**YOUR INSTRUCTIONS:**
Where the line containing "Hasselblad-Kamera Carl Zeiss-Objektiv" appears in the records below, begin there and repeat each line exactly through the final one, dropping all pictures.

Records from a collection:
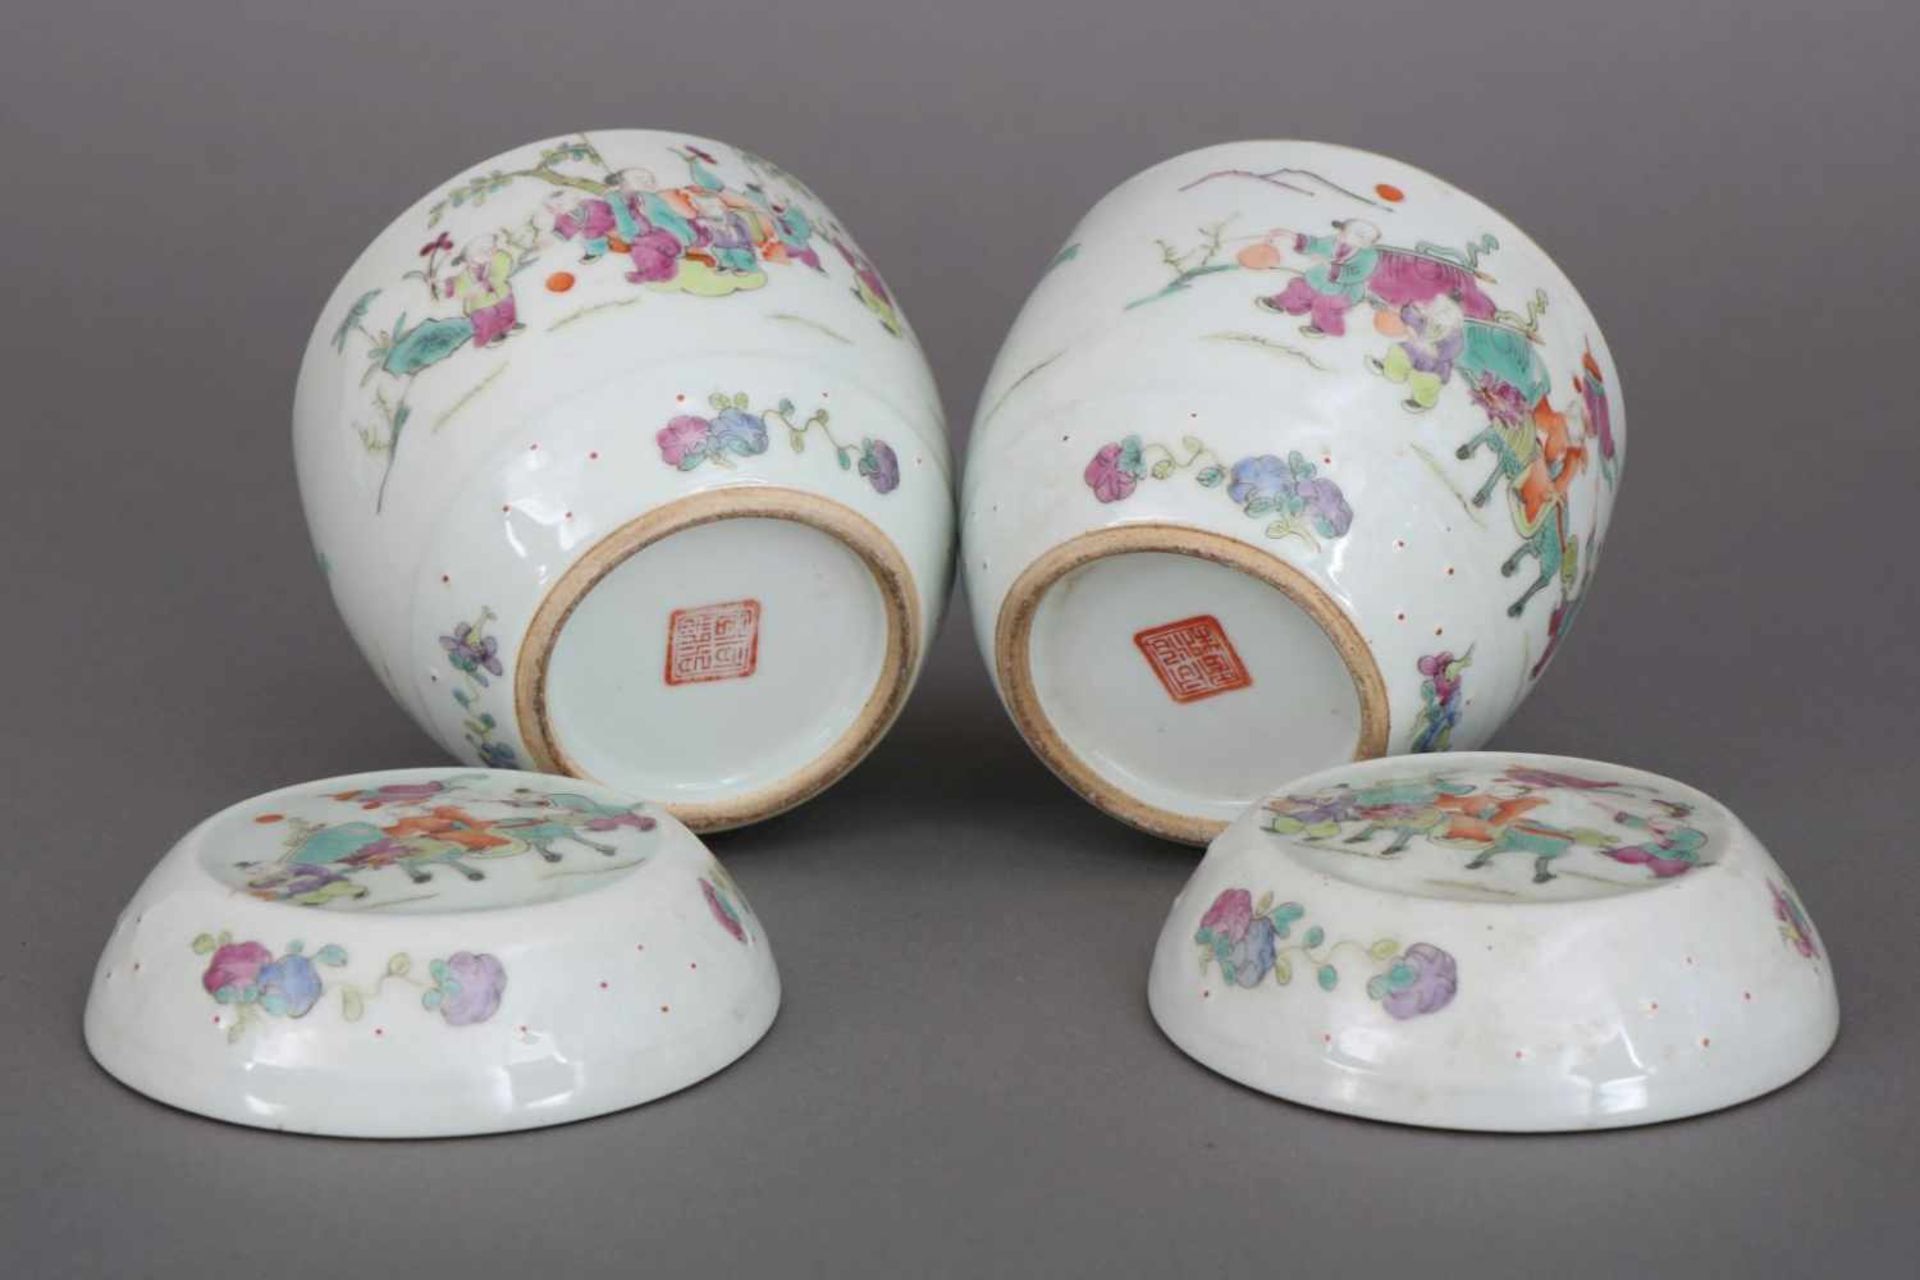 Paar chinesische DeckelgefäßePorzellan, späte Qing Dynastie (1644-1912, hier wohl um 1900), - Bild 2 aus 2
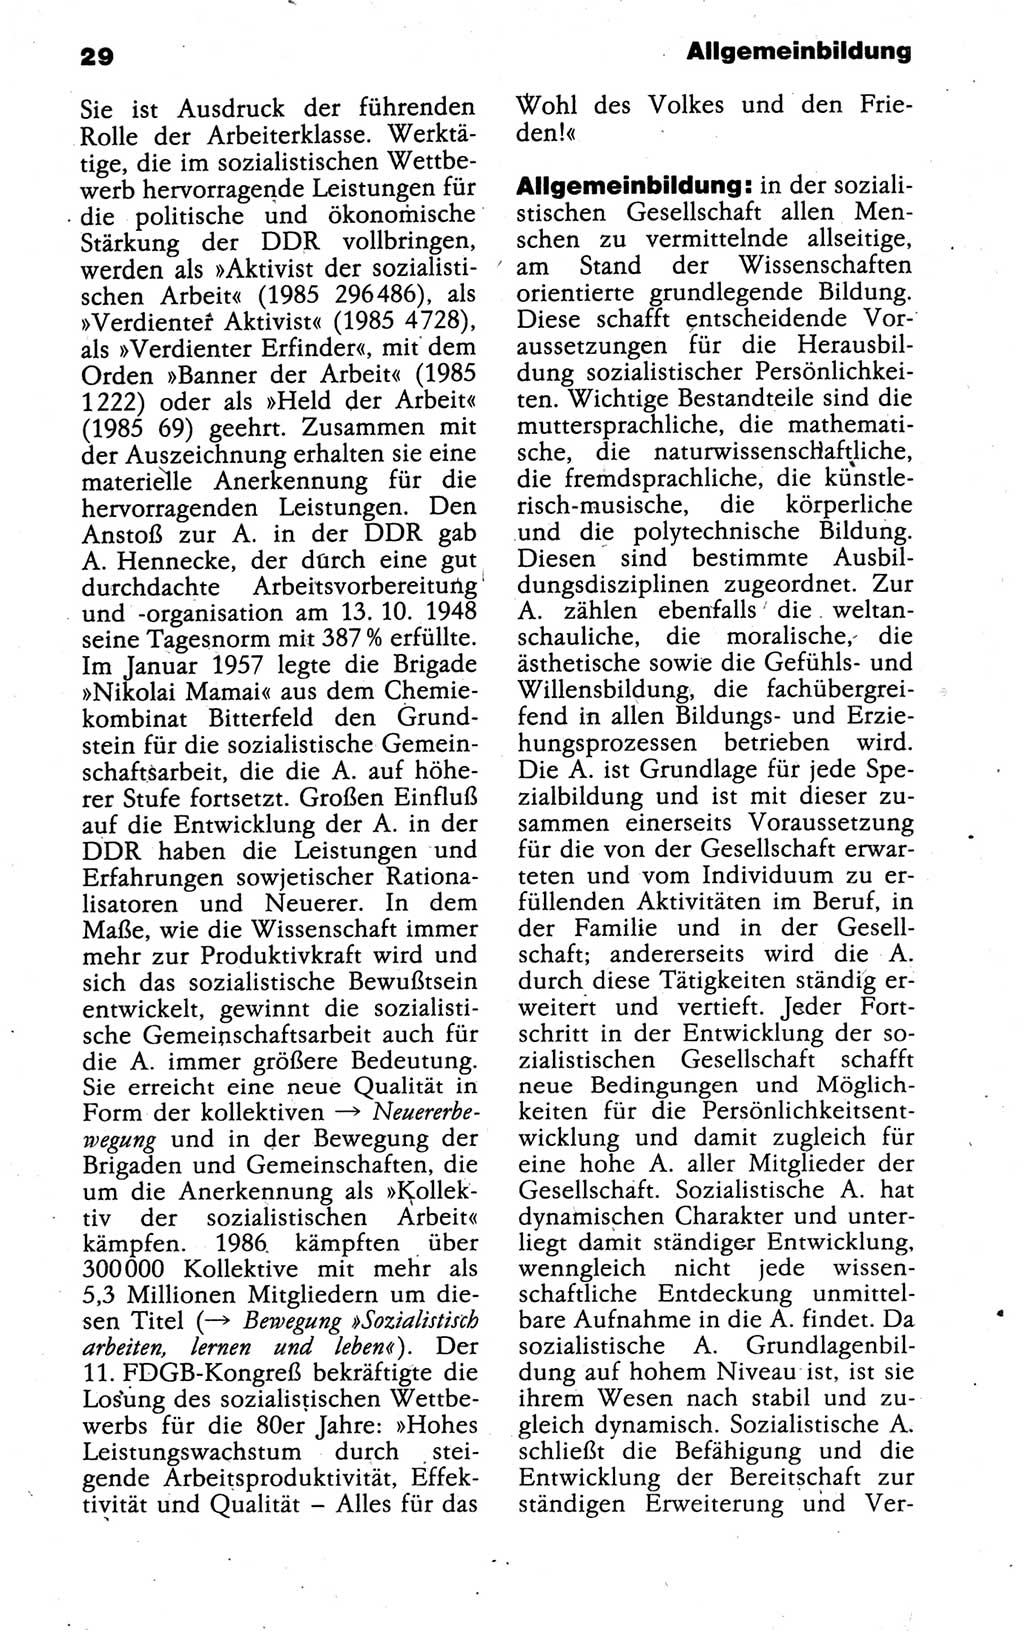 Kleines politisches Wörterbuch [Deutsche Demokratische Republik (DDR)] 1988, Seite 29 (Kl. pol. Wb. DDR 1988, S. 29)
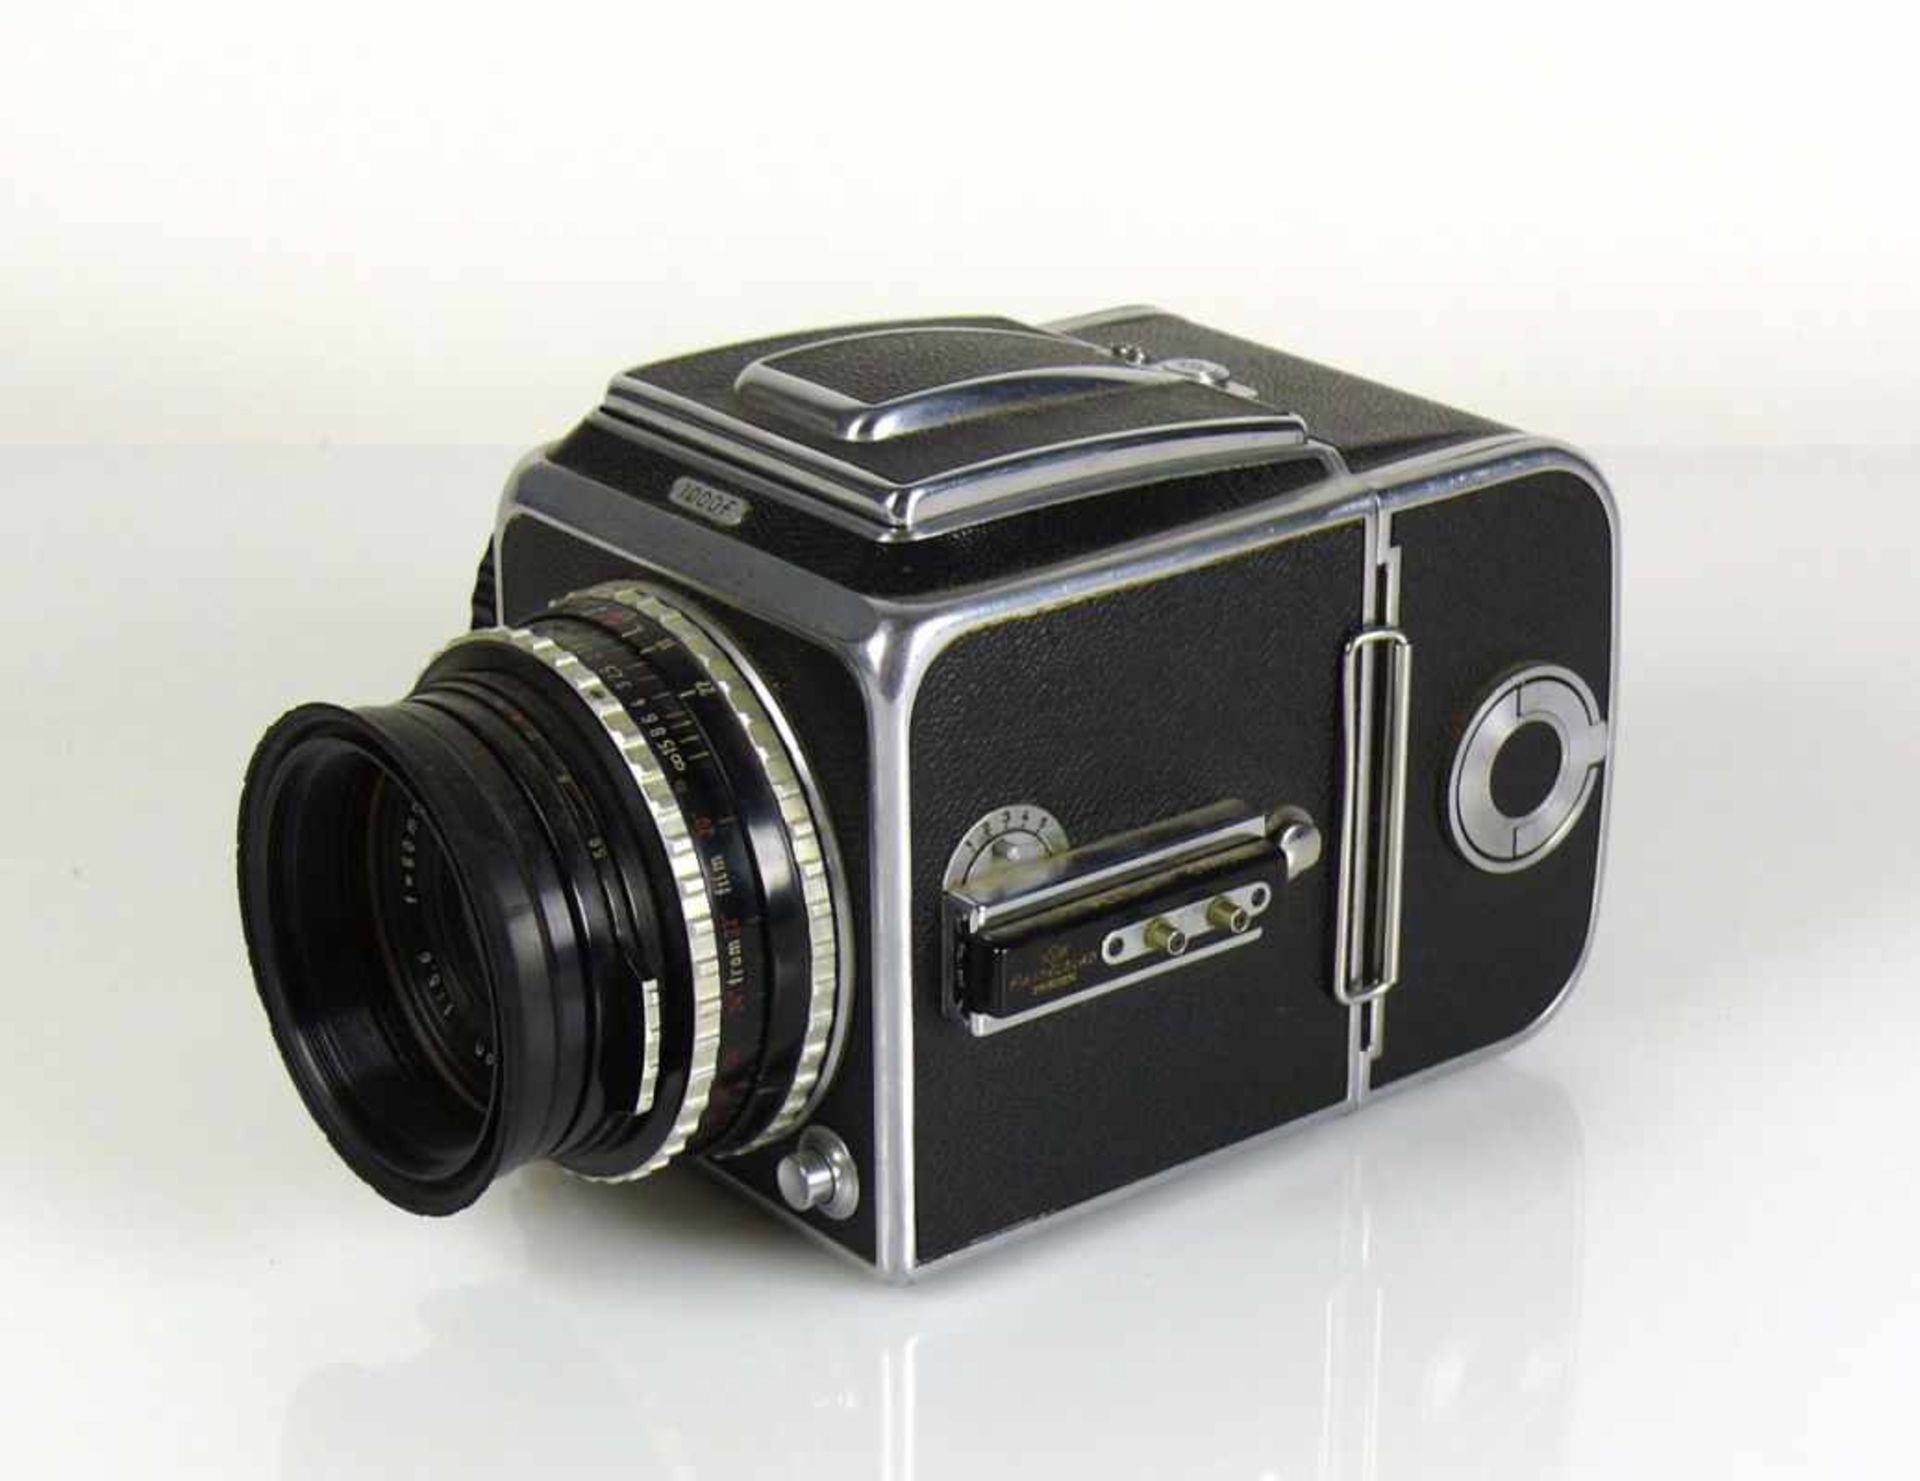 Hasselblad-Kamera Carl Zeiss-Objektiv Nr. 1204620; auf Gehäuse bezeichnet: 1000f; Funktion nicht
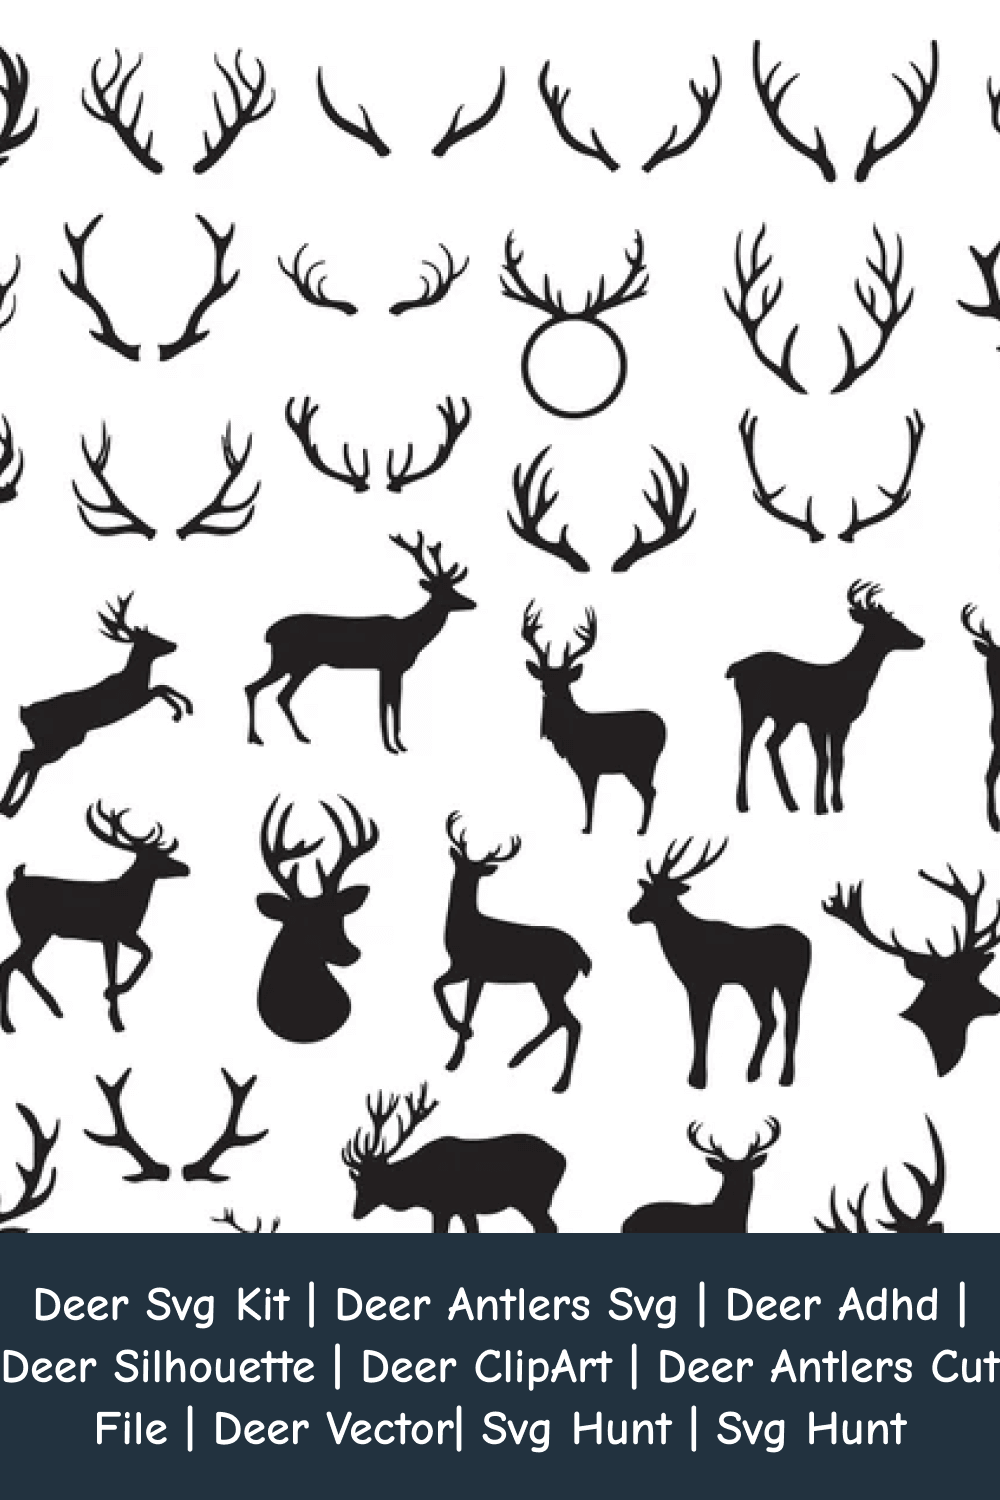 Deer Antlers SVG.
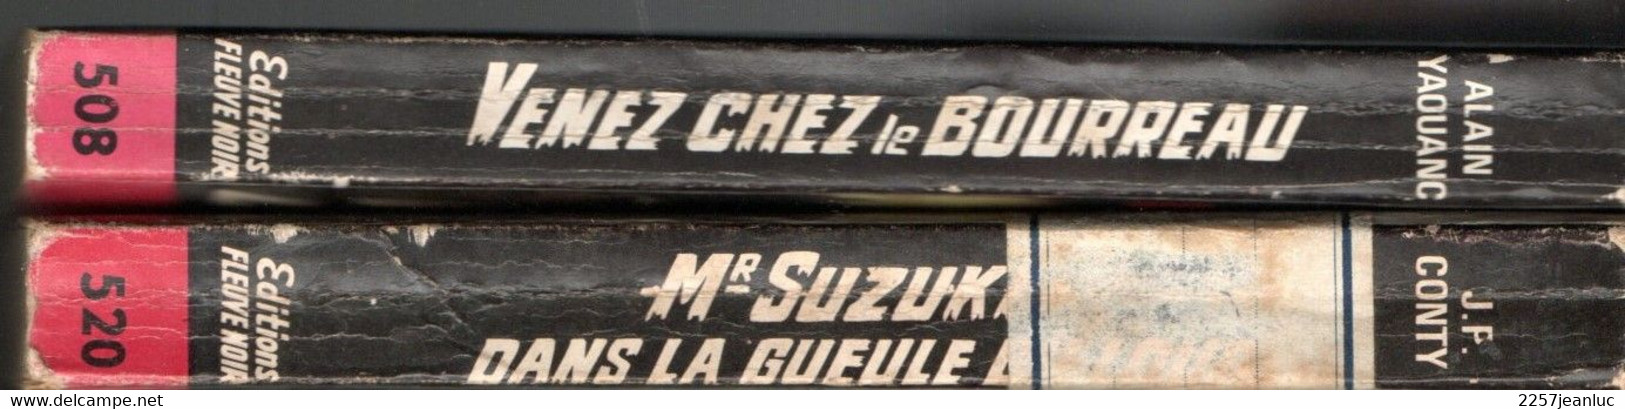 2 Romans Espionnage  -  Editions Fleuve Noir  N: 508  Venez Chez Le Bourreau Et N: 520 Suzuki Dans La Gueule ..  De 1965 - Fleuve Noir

**SOLUTION FOR THIS TASK:**
 Hasselblad-Kamera Carl Zeiss-Objektiv Nr. 1204620; auf Gehäuse bezeichnet: 1000f; Funktion nicht
 Deer Antlers SVG.
 2 Romans Espionnage  -  Editions Fleuve Noir  N: 508  Venez Chez Le Bourreau Et N: 520 Suzuki Dans La Gueule ..  De 1965 - Fleuve Noir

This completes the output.